[Excerpts from a dataset]
────────

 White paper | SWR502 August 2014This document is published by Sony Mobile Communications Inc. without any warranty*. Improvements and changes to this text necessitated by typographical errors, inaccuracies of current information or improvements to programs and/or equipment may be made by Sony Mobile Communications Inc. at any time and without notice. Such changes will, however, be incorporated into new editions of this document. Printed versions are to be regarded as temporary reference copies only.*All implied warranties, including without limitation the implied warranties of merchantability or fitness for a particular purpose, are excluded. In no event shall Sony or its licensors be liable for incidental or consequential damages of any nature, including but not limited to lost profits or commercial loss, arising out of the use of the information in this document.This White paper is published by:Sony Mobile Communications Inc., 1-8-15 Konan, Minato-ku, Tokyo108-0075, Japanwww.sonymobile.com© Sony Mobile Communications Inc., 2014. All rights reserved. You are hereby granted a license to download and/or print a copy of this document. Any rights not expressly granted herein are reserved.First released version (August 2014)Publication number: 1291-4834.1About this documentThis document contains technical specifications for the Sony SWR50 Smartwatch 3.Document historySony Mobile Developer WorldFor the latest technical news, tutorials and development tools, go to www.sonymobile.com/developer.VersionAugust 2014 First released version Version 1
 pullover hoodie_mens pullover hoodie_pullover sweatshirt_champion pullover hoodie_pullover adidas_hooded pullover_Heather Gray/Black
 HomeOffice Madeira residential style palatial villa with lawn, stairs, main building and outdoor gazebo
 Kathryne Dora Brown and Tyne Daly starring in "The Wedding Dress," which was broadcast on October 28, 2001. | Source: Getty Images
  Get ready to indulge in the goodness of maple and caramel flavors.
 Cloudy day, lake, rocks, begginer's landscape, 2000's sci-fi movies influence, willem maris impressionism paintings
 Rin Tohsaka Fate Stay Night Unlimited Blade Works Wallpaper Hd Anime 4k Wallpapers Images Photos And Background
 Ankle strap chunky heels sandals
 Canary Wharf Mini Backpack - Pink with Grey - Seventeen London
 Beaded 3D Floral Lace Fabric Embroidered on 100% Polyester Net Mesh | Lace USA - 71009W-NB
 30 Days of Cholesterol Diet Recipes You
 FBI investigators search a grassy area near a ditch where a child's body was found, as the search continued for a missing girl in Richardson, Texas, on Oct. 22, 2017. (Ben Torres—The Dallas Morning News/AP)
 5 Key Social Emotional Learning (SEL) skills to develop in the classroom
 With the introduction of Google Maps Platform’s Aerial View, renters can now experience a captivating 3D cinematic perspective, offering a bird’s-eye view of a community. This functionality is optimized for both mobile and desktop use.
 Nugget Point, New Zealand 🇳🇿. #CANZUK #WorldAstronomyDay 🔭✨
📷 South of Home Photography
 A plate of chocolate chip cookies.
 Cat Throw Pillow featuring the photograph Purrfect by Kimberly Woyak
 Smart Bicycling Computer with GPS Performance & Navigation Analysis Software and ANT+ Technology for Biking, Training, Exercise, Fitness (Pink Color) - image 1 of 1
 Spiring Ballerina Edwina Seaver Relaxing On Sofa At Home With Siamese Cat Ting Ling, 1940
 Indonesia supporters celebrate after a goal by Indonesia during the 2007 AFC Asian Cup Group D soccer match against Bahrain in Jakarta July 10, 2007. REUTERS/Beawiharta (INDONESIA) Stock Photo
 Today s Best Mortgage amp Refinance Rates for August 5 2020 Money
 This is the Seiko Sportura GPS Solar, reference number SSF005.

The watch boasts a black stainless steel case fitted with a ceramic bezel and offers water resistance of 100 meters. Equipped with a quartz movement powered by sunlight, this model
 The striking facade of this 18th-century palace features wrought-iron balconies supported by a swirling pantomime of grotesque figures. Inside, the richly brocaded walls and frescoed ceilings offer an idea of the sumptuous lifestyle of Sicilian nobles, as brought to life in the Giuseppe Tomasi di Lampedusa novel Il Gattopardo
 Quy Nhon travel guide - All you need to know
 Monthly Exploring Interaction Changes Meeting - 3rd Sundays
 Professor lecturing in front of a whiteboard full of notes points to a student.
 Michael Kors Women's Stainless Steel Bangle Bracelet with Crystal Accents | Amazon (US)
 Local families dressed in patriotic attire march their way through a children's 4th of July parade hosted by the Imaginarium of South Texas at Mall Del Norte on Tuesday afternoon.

────────

* [ASSIGNED TASK] Scan the entries above for the string "July" and copy each line containing it.

* [FINISHED TASK]
 Indonesia supporters celebrate after a goal by Indonesia during the 2007 AFC Asian Cup Group D soccer match against Bahrain in Jakarta July 10, 2007. REUTERS/Beawiharta (INDONESIA) Stock Photo
 Local families dressed in patriotic attire march their way through a children's 4th of July parade hosted by the Imaginarium of South Texas at Mall Del Norte on Tuesday afternoon.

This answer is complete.